For the final deliverable, Elena creates a cross-country comparison of 7-day rolling averages, normalized per 100,000 population for fair comparison:

# Compute per-100K daily rate
df["daily_per_100k"] = (
    df["daily_doses"] / df["population"] * 100000
).round(1)

# Compute 7-day rolling of the per-100K rate
df["rolling_per_100k"] = (df
    .groupby("country")["daily_per_100k"]
    .transform(lambda x: x.rolling(7, min_periods=1).mean())
    .round(1))

# Sample at month boundaries
for month in range(1, 9):
    date = pd.Timestamp(f"2023-{month:02d}-15")
    snapshot = df[df["date"] == date][
        ["country", "rolling_per_100k"]]
    snapshot = snapshot.set_index("country")
    print(f"{date.strftime('%b')}: "
          f"Aldoria={snapshot.loc['Aldoria','rolling_per_100k']}, "
          f"Brevara={snapshot.loc['Brevara','rolling_per_100k']}, "
          f"Caliston={snapshot.loc['Caliston','rolling_per_100k']}")

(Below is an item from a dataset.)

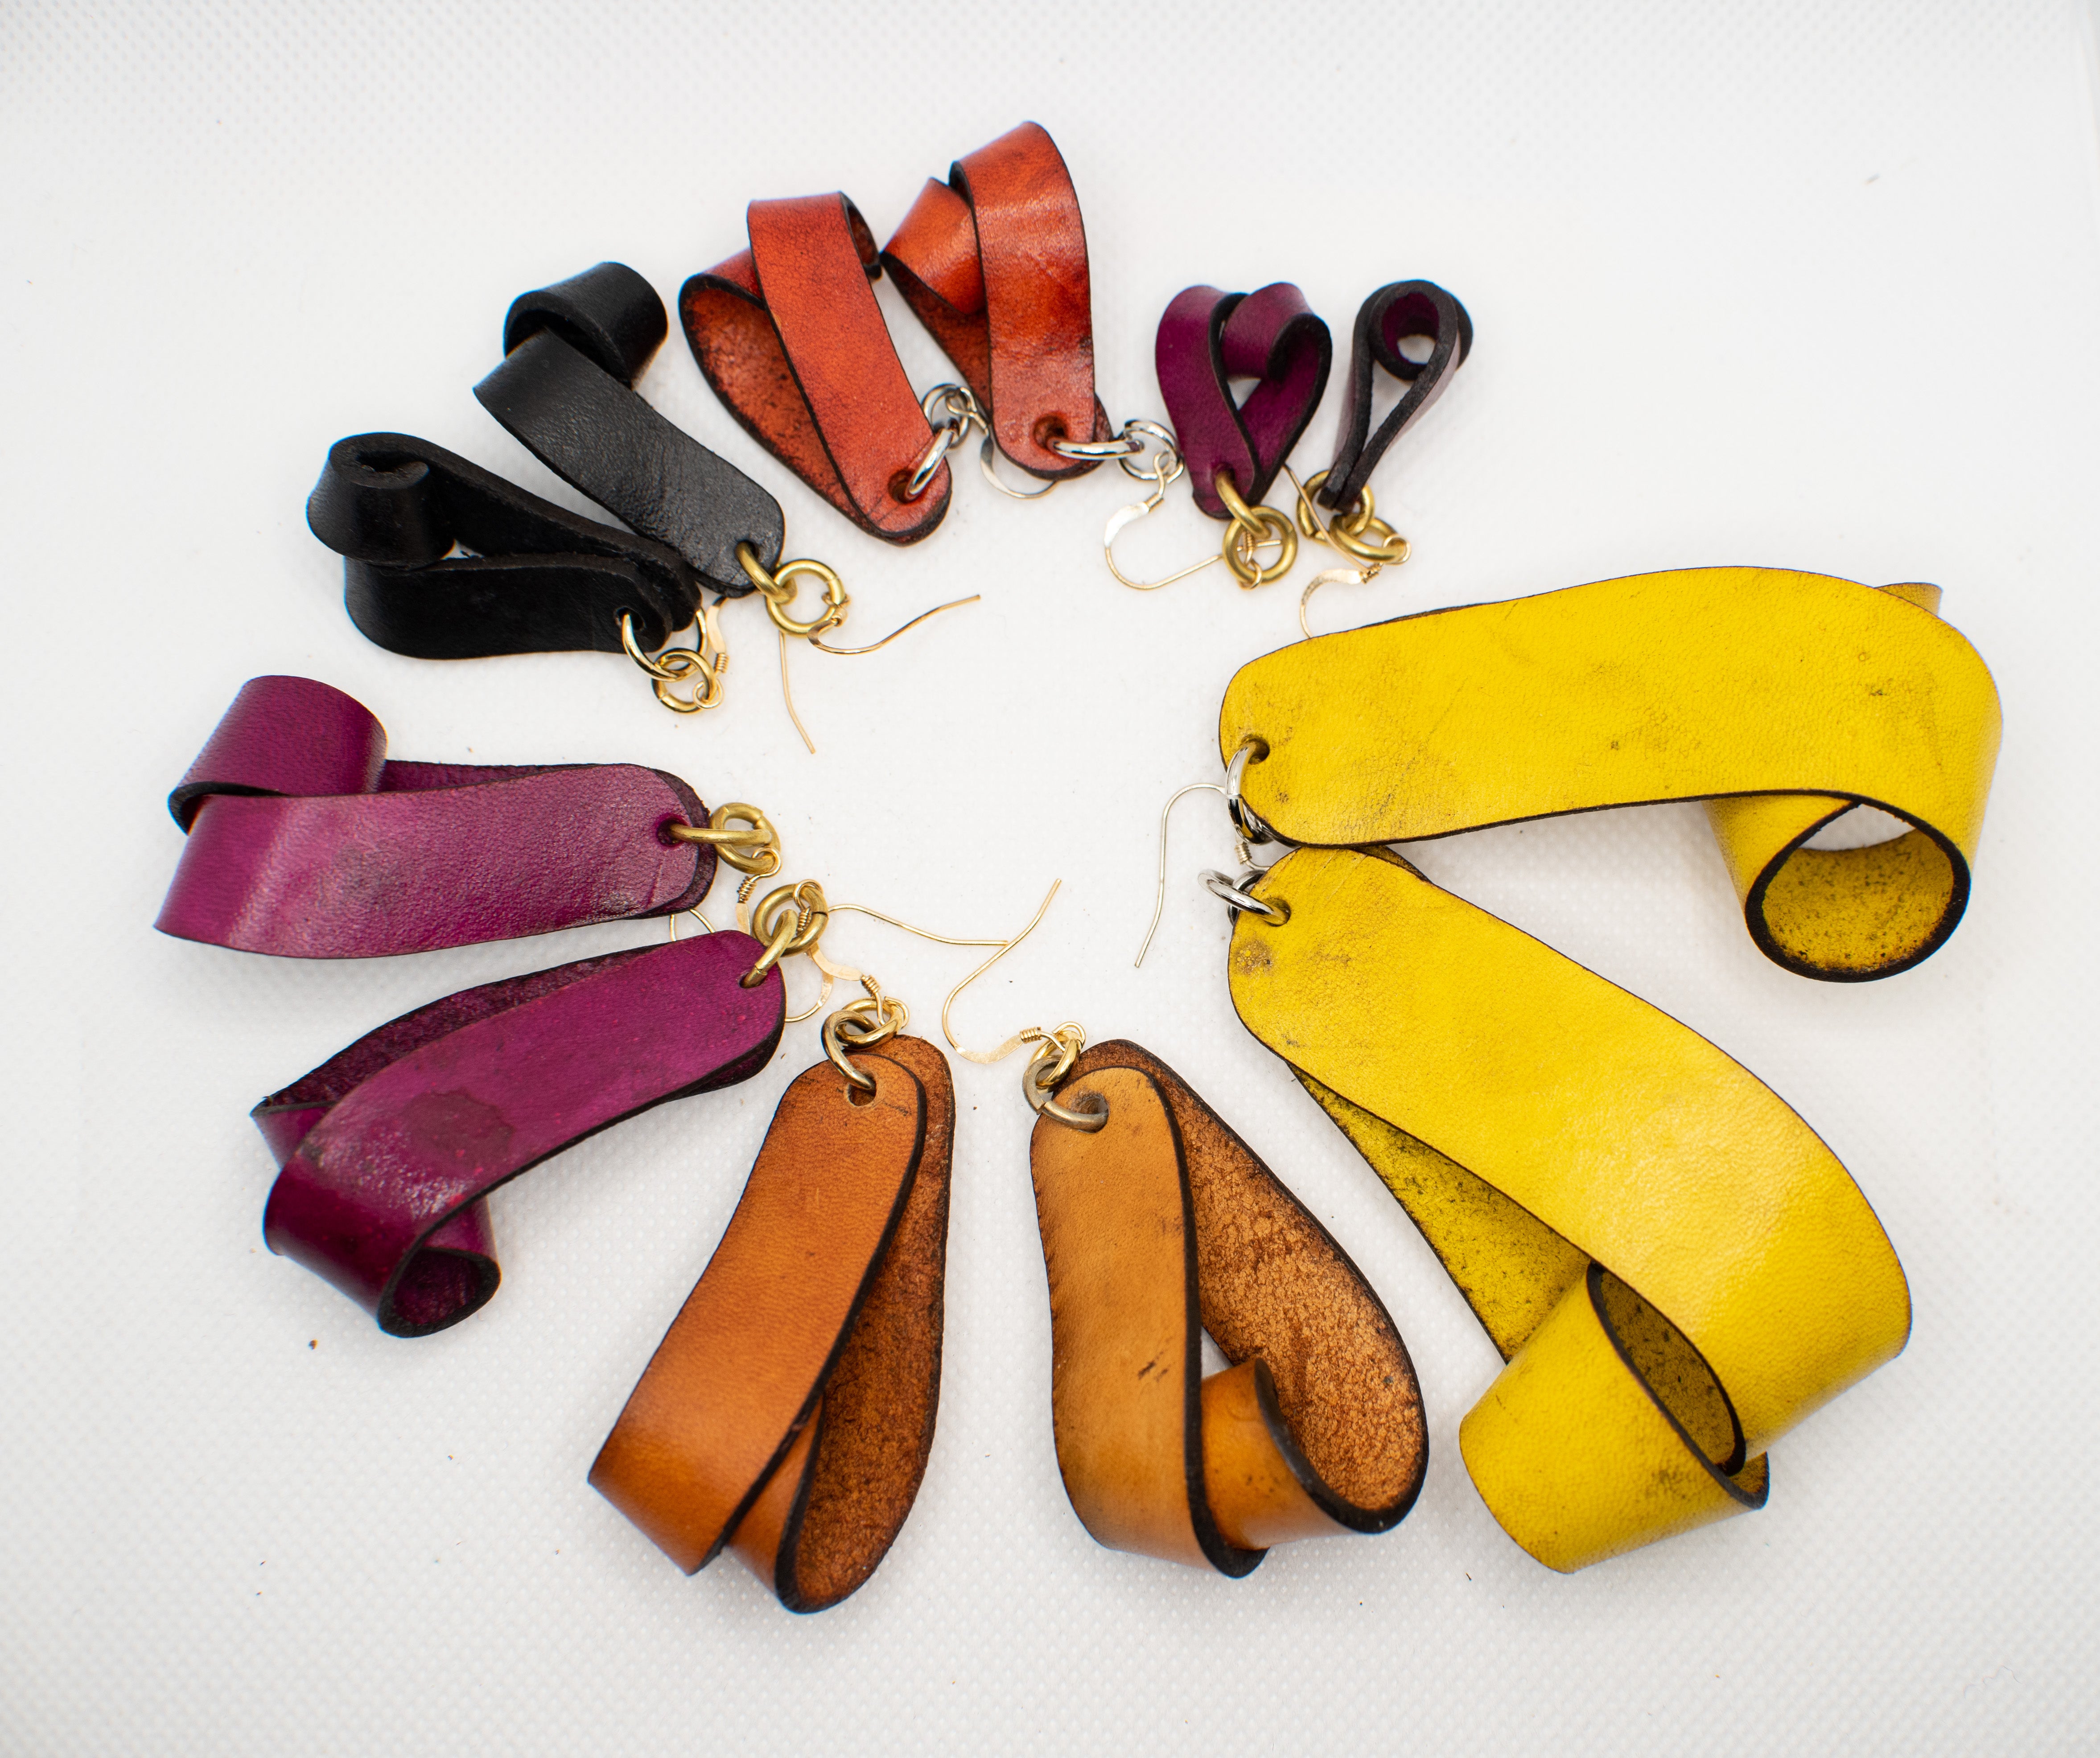 The Carla Mini Leather Earrings - Black (Hand Dyed)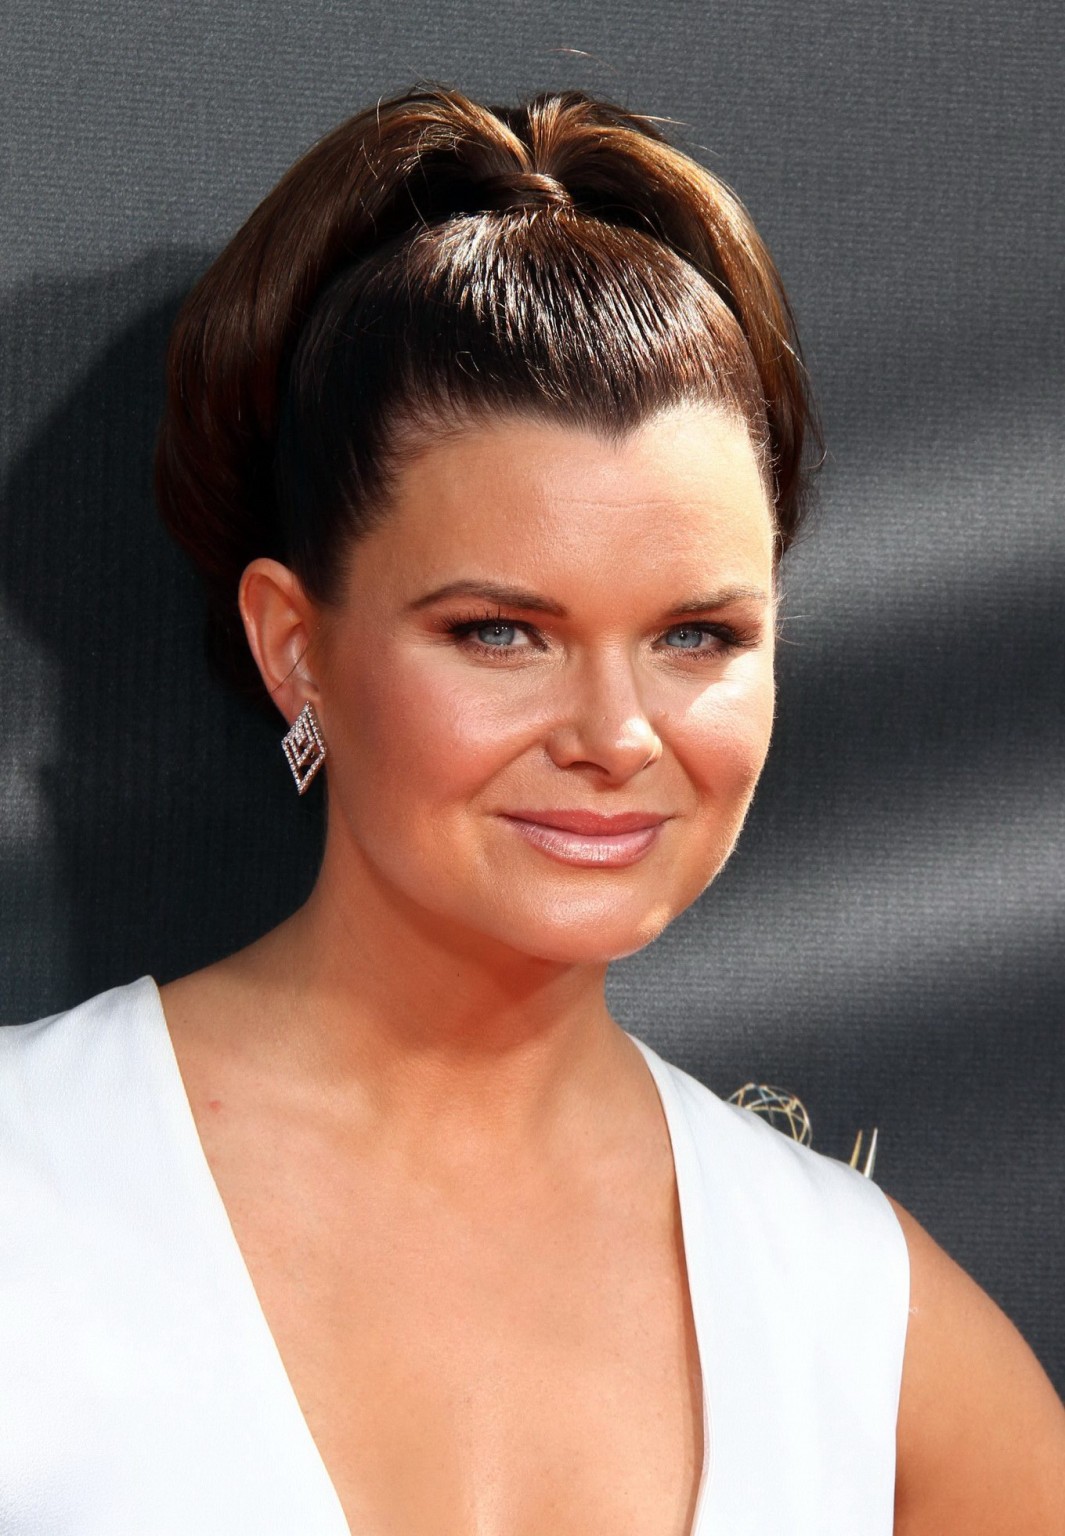 Heather Tom showing huge cleavage at the 42nd Annual Daytime Emmy Awards at Warn #75165768

Jan: Aldoria=38.2, Brevara=102.4, Caliston=29.5
Feb: Aldoria=62.9, Brevara=158.7, Caliston=38.9
Mar: Aldoria=126.9, Brevara=316.2, Caliston=82.3
Apr: Aldoria=190.5, Brevara=405.4, Caliston=113.1
May: Aldoria=223.2, Brevara=424.9, Caliston=130.6
Jun: Aldoria=222.6, Brevara=345.8, Caliston=127.4
Jul: Aldoria=195.5, Brevara=310.2, Caliston=121.4
Aug: Aldoria=146.4, Brevara=223.7, Caliston=95.2

Normalizing per 100,000 population reveals that Brevara isn't just vaccinating more people in absolute terms — it's vaccinating at a dramatically higher per-capita rate. At its peak, Brevara was administering 425 doses per 100,000 people per day, compared to Aldoria's 223 and Caliston's 131.

The Deliverable

Elena assembles her findings into a summary table for the policymakers:

summary = pd.DataFrame({
    "Country": ["Aldoria", "Brevara", "Caliston"],
    "Population": ["12M", "9M", "12M"],
    "Total Doses": ["4.88M", "6.54M", "3.23M"],
    "Coverage (%)": [40.6, 72.7, 27.0],
    "50% Milestone": ["Not yet", "June 28", "Not yet"],
    "Peak Month": ["June", "May", "June"],
    "Peak Rate (per 100K/day)": [223, 425, 131],
    "Weekend Drop (%)": [35.1, 32.1, 38.8],
    "Current Trajectory": ["Declining", "Declining", "Declining"]
})
print(summary.to_string(index=False))

The Takeaway

This case study demonstrates why time series analysis is at the heart of pandemic response. The techniques Elena used — cumulative sums, 7-day rolling averages, per-capita normalization, month-over-month comparisons, weekend/weekday breakdowns — are the same techniques used by epidemiologists, public health officials, and data journalists worldwide.

Key analytical insights:

Rolling averages reveal trends that daily data hides. The daily dose count bounces wildly from day to day. The 7-day rolling average shows the actual trajectory.
Per-capita rates enable fair comparison. Brevara has fewer total doses than Aldoria but a much higher per-capita rate. Absolute numbers mislead when populations differ.
Milestone tracking makes progress tangible. Saying "Brevara has vaccinated 6.5 million people" is less actionable than "Brevara reached 50% coverage on June 28, 164 days after starting."
Operational patterns affect outcomes. The 32-39% weekend drop translates to a 10% loss in total throughput. That's a policy lever, not just a data point.
Time series decomposition separates signal from noise. By looking at daily, weekly, monthly, and cumulative views, Elena can answer questions at every time scale — from "what happened today?" to "what's the trend over the full campaign?"

Every one of these techniques came from Chapter 11: pd.to_datetime(), .dt accessor, set_index(), resample(), rolling(), cumsum(), and groupby with time components. The tools are simple. The insights they produce are profound.